--- INFORMATION SHOWN ---
_ _ _ _ _ _ _

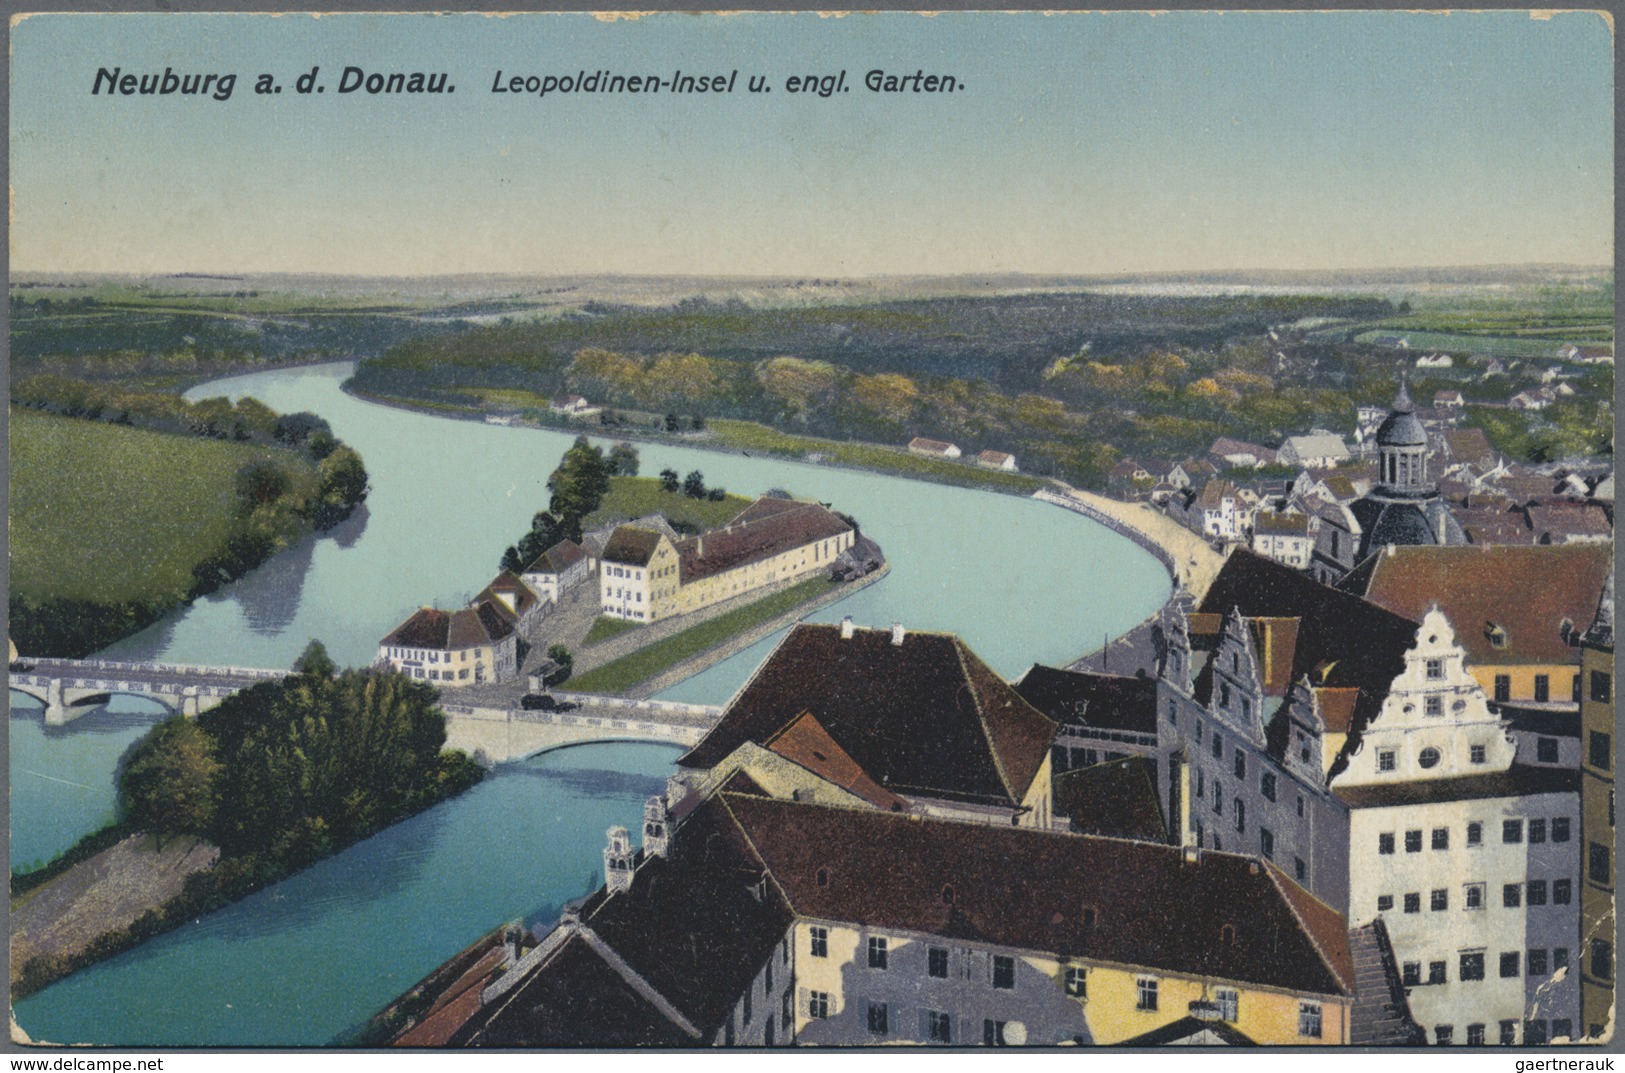 Ansichtskarten: Deutschland: 1900/1940, 2 alte Postkartenalben aus Nachlass, dabei ein Album mit Rei
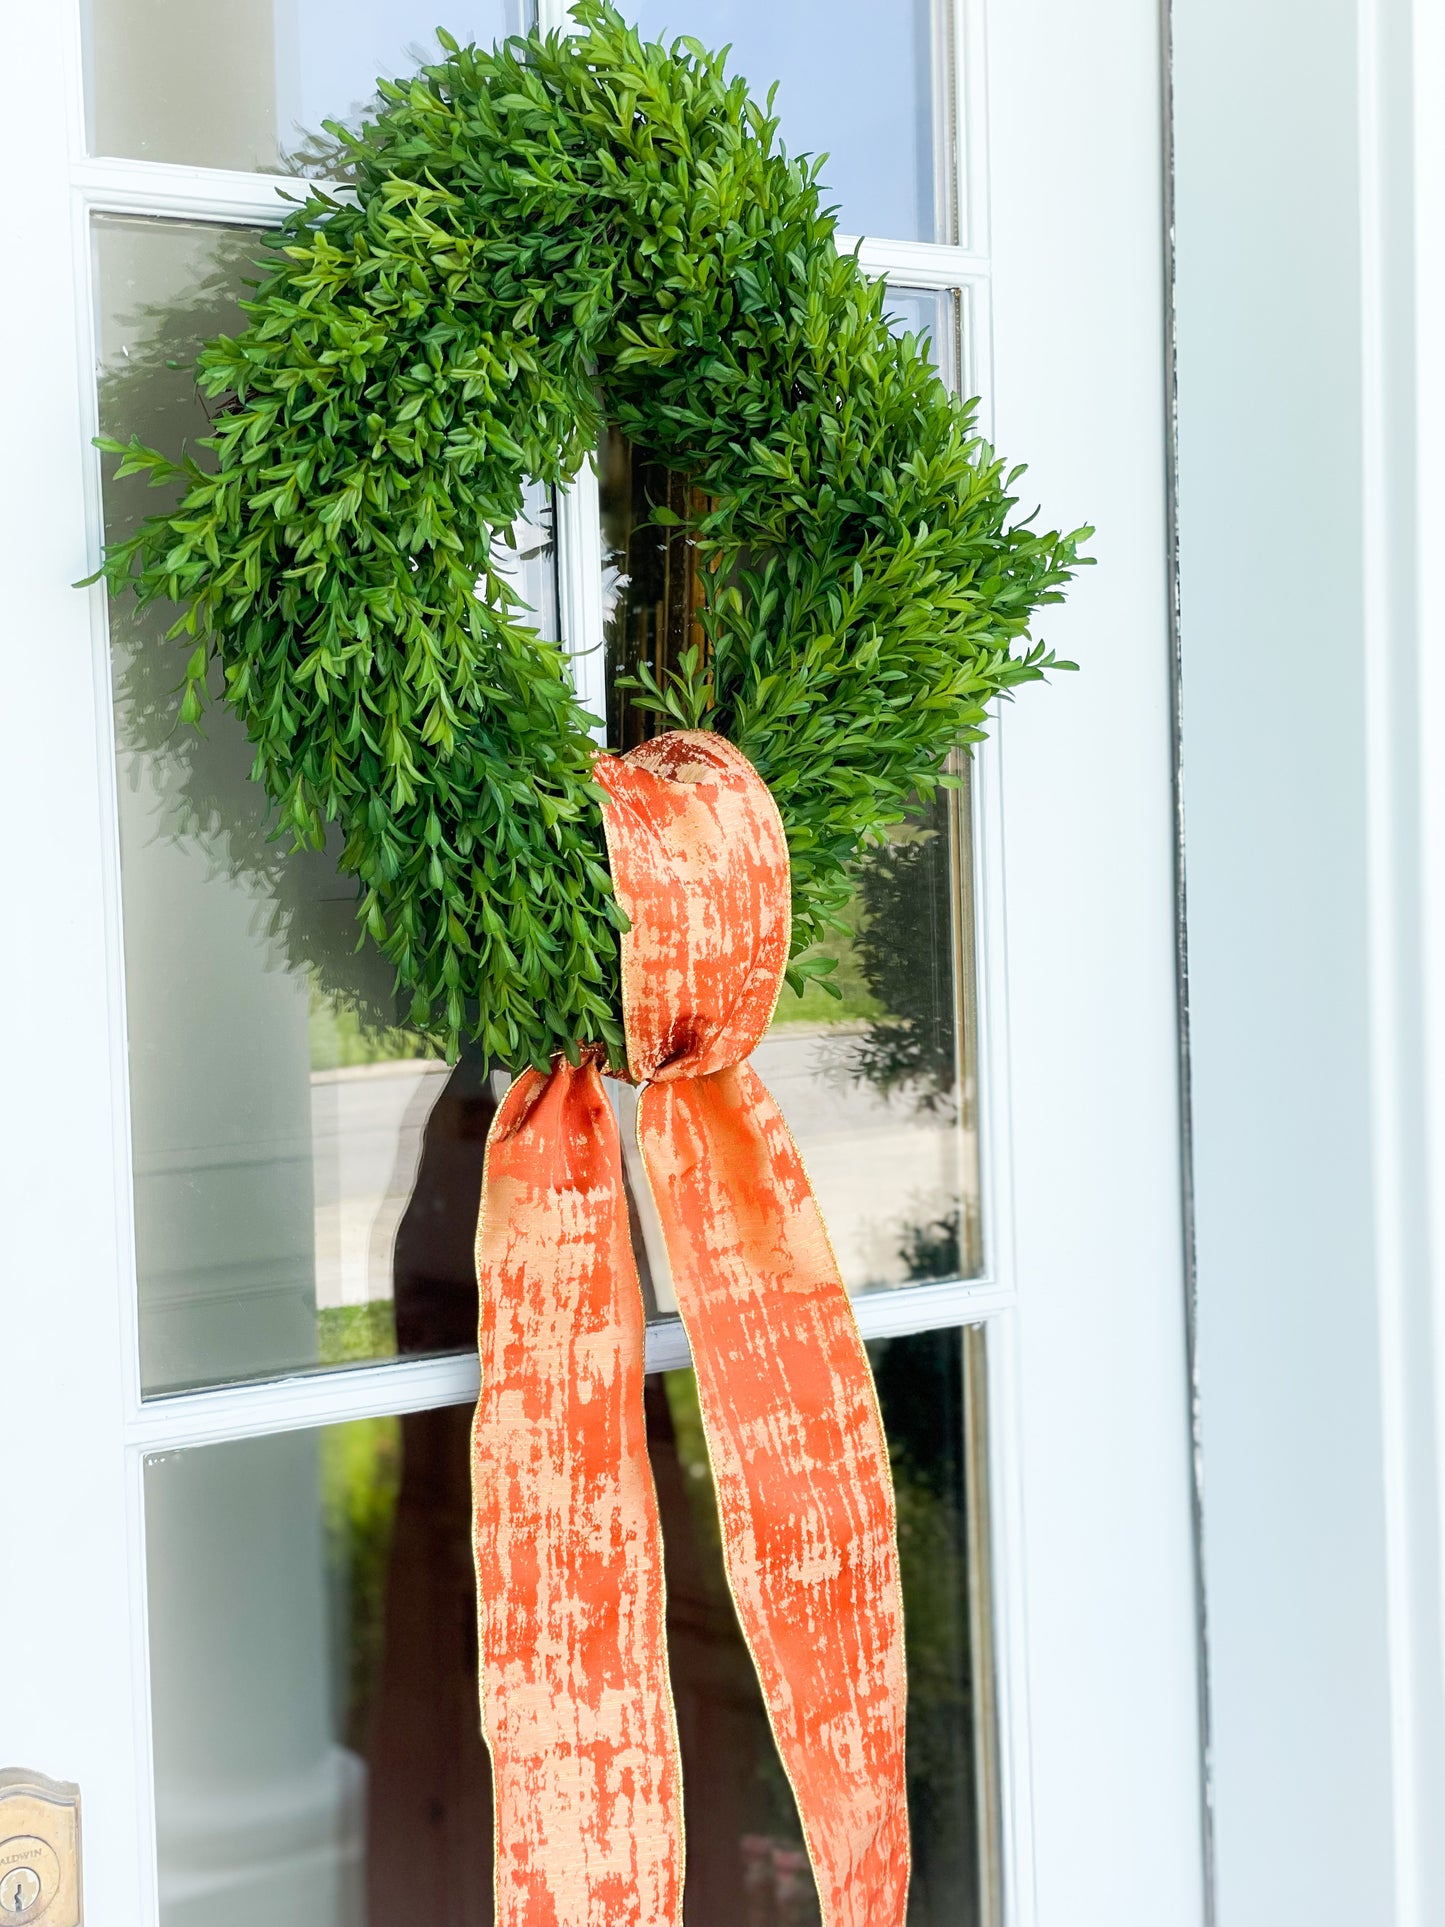 Orange Abstract Sash And Tea Leaf Wreath
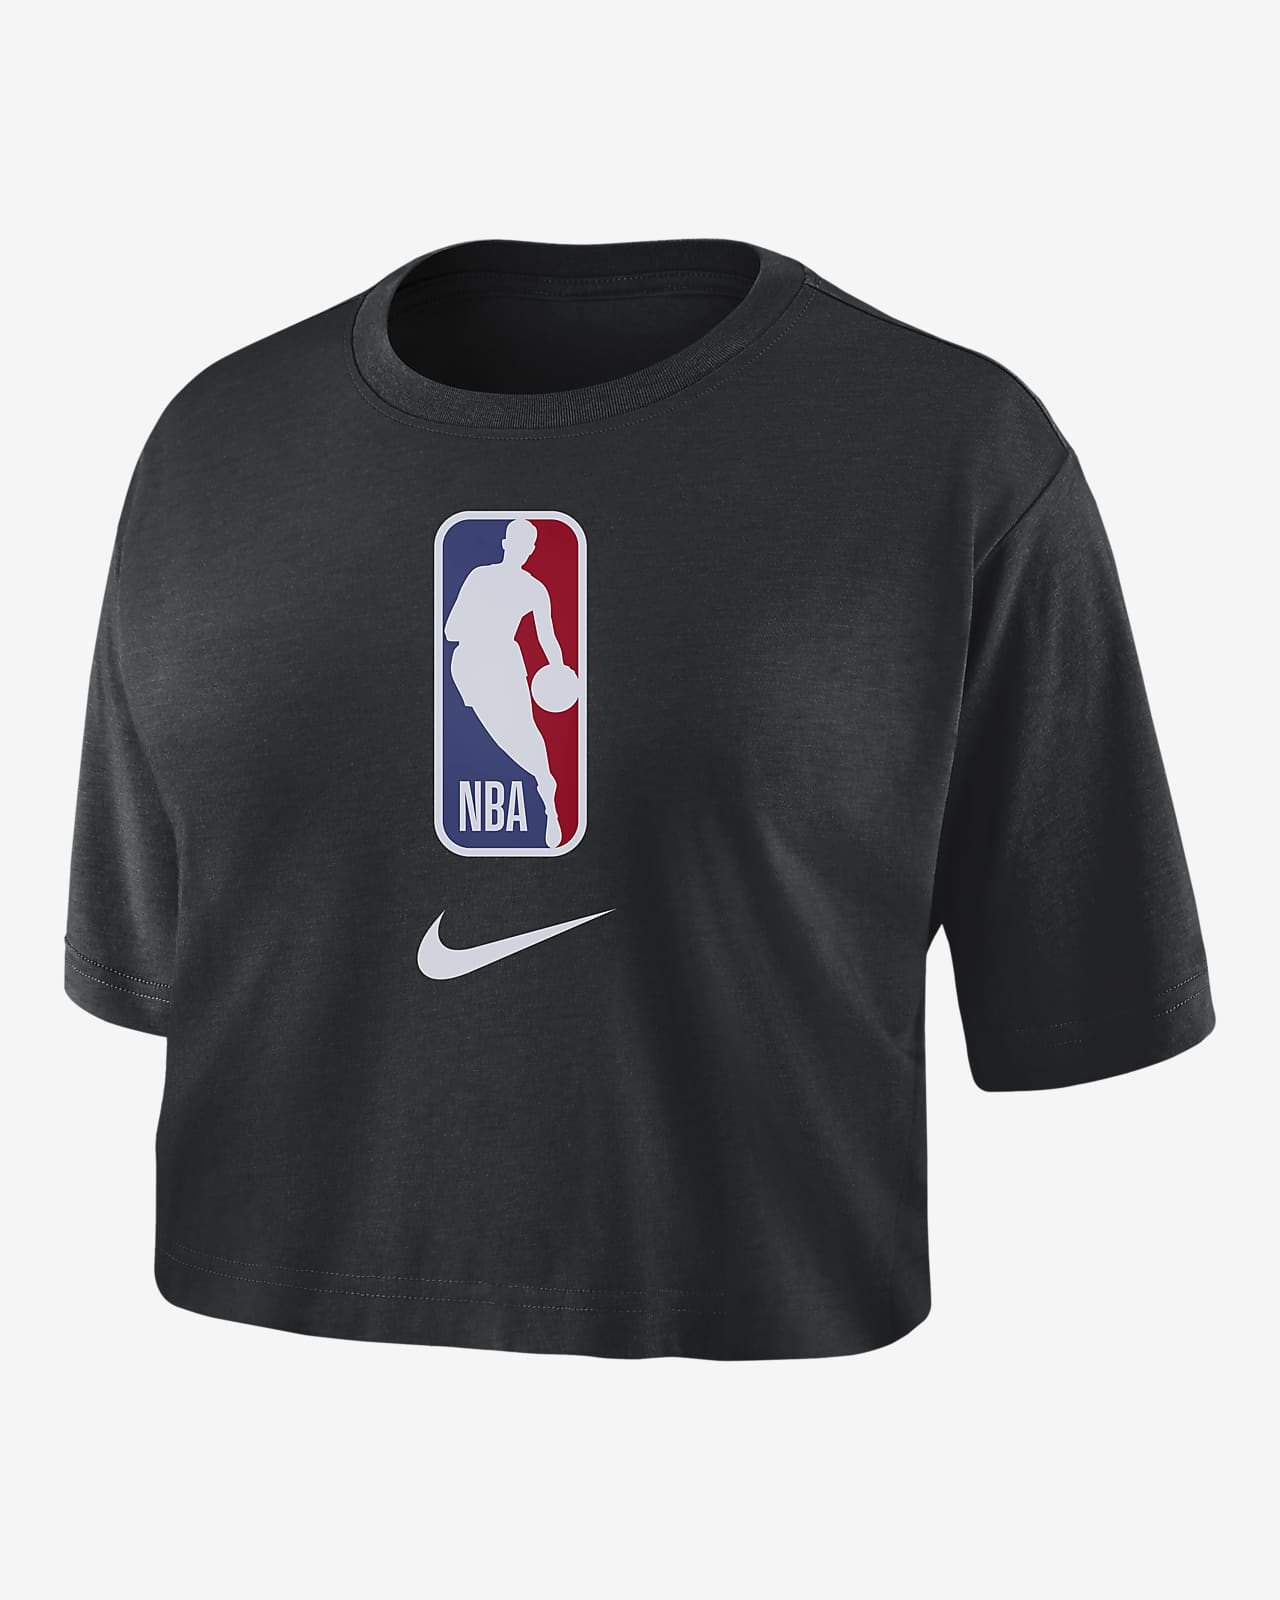 Team 31 Women's Nike NBA Cropped T-Shirt

_ _ _ _ _ _ _

--- TASK DIRECTIONS ---
Retype the whole listing. Keep every word exact but include no pictures.

--- ANSWER TO THIS TASK ---
 Ansichtskarten: Deutschland: 1900/1940, 2 alte Postkartenalben aus Nachlass, dabei ein Album mit Rei
 Orange Abstract Sash And Tea Leaf Wreath
 Team 31 Women's Nike NBA Cropped T-Shirt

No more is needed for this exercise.